- **Exercise brief**
Word for word, reproduce each line of the data below, omitting every image.

----- Input data -----

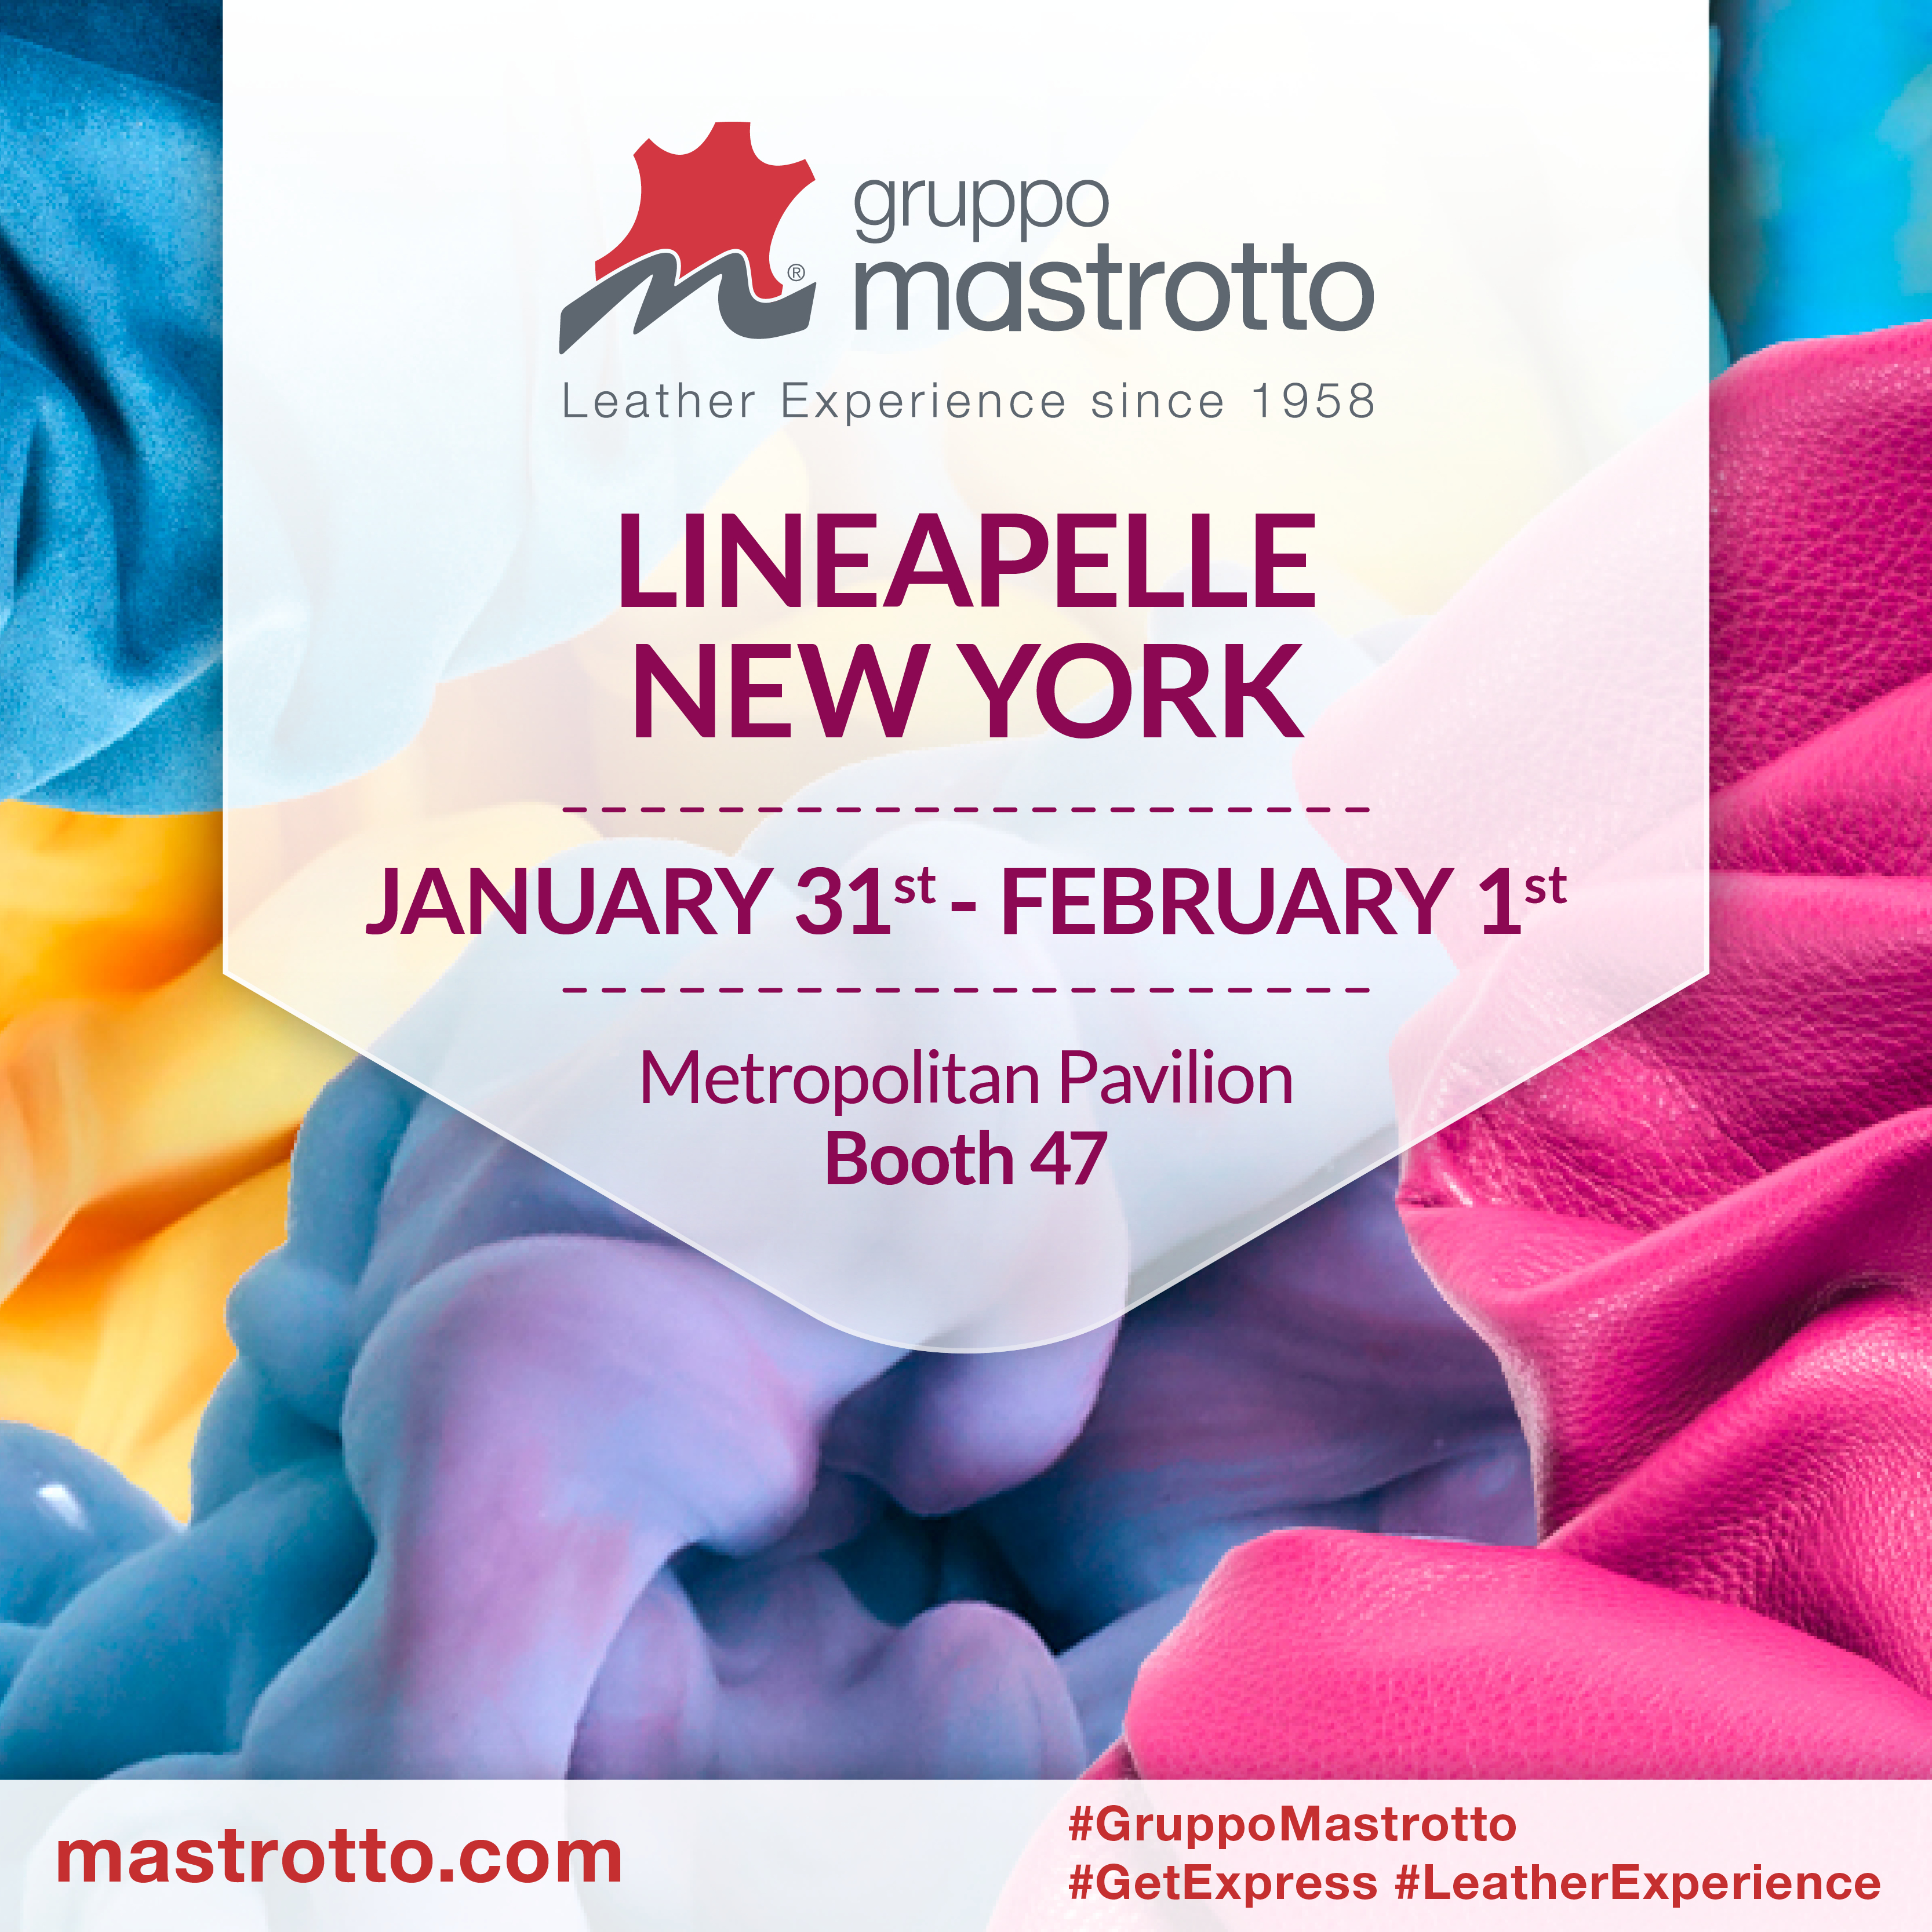 Gruppo Mastrotto Lineapelle NY 2018
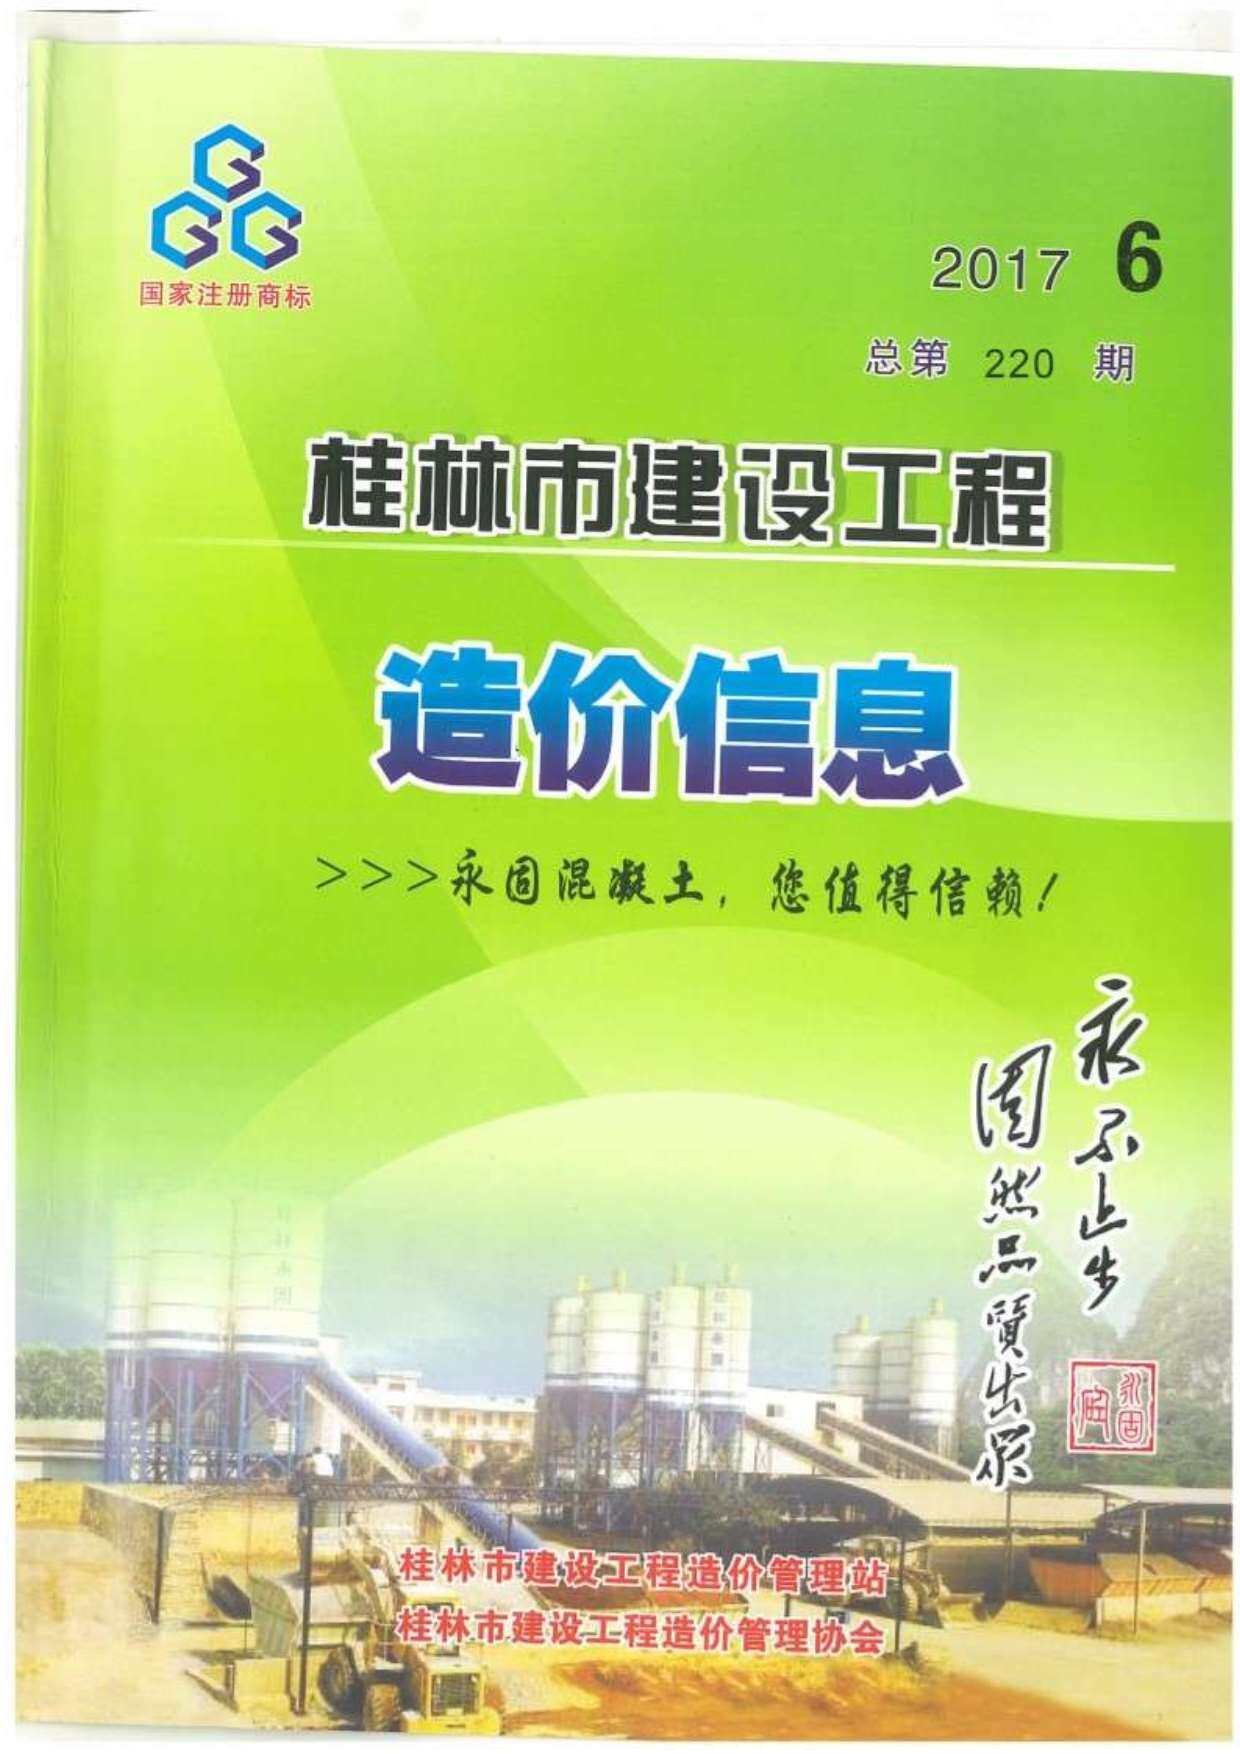 桂林市2017年6月造价信息造价信息期刊PDF扫描件
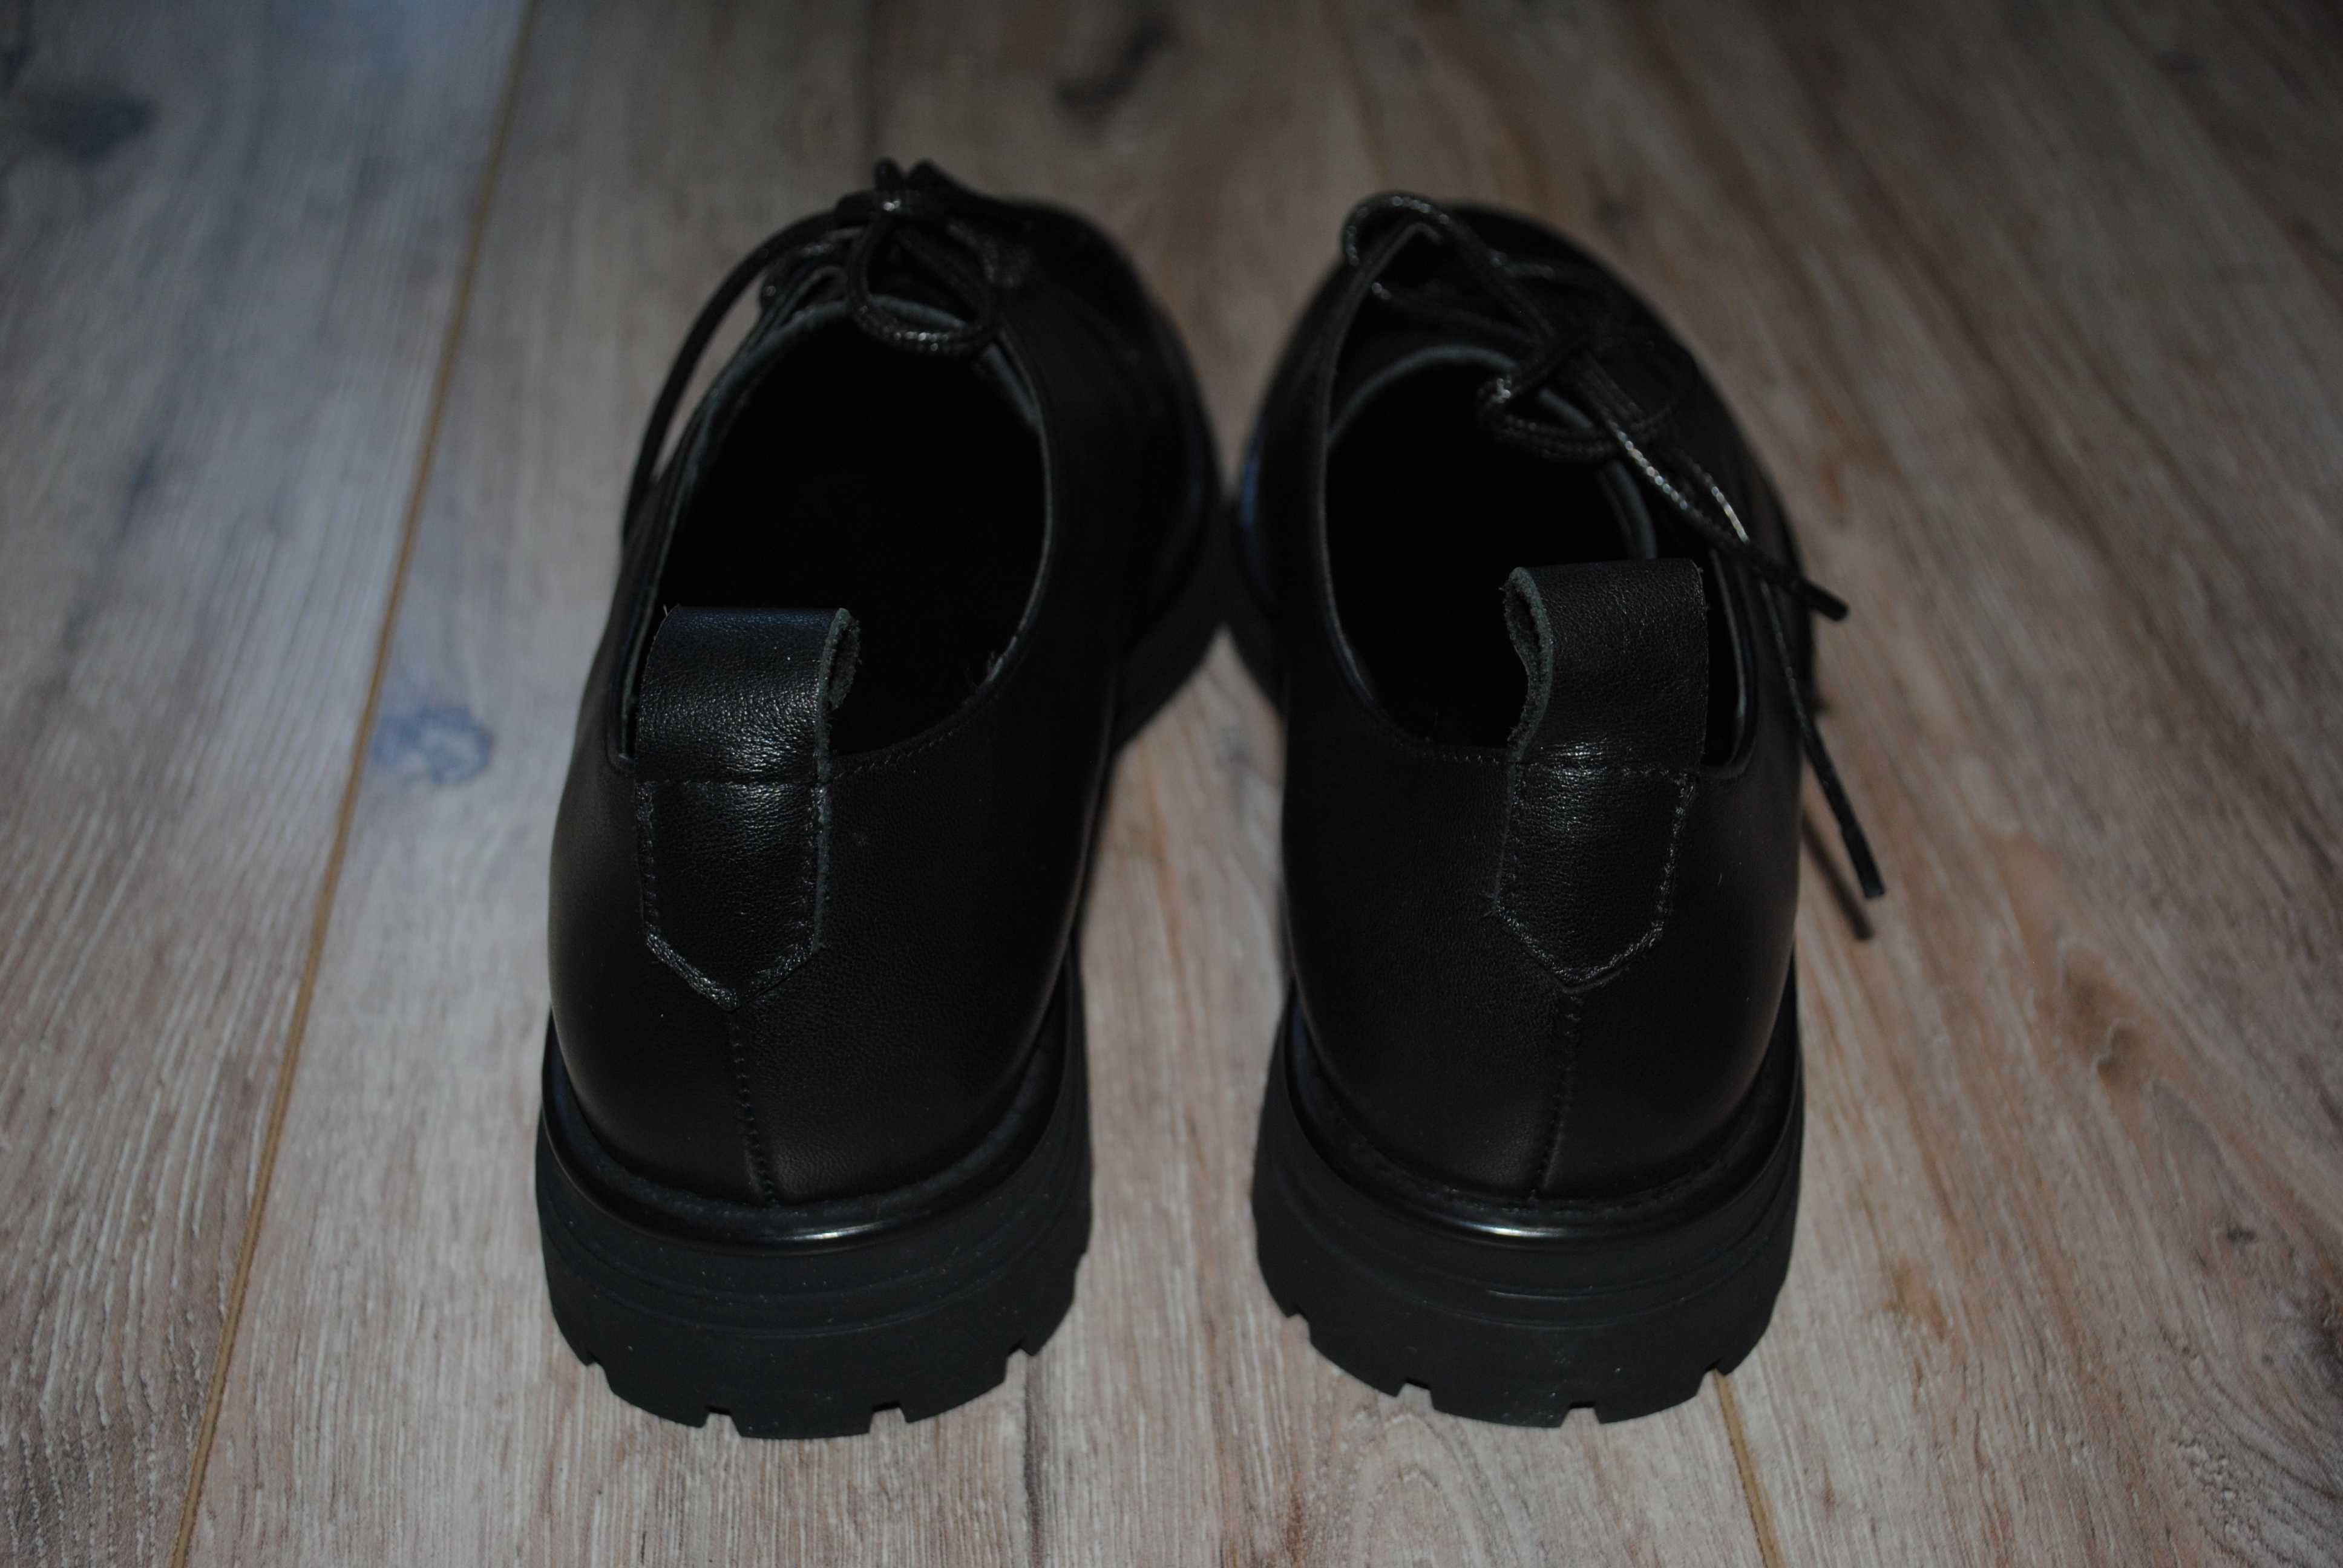 Vitto Rossi демісезонні жіночі чорні туфлі 39 р нові нат шкіра .

-----

- **Response to this exercise**
 Gruppo Mastrotto Lineapelle NY 2018
 桂林市2017年6月造价信息造价信息期刊PDF扫描件
 Vitto Rossi демісезонні жіночі чорні туфлі 39 р нові нат шкіра .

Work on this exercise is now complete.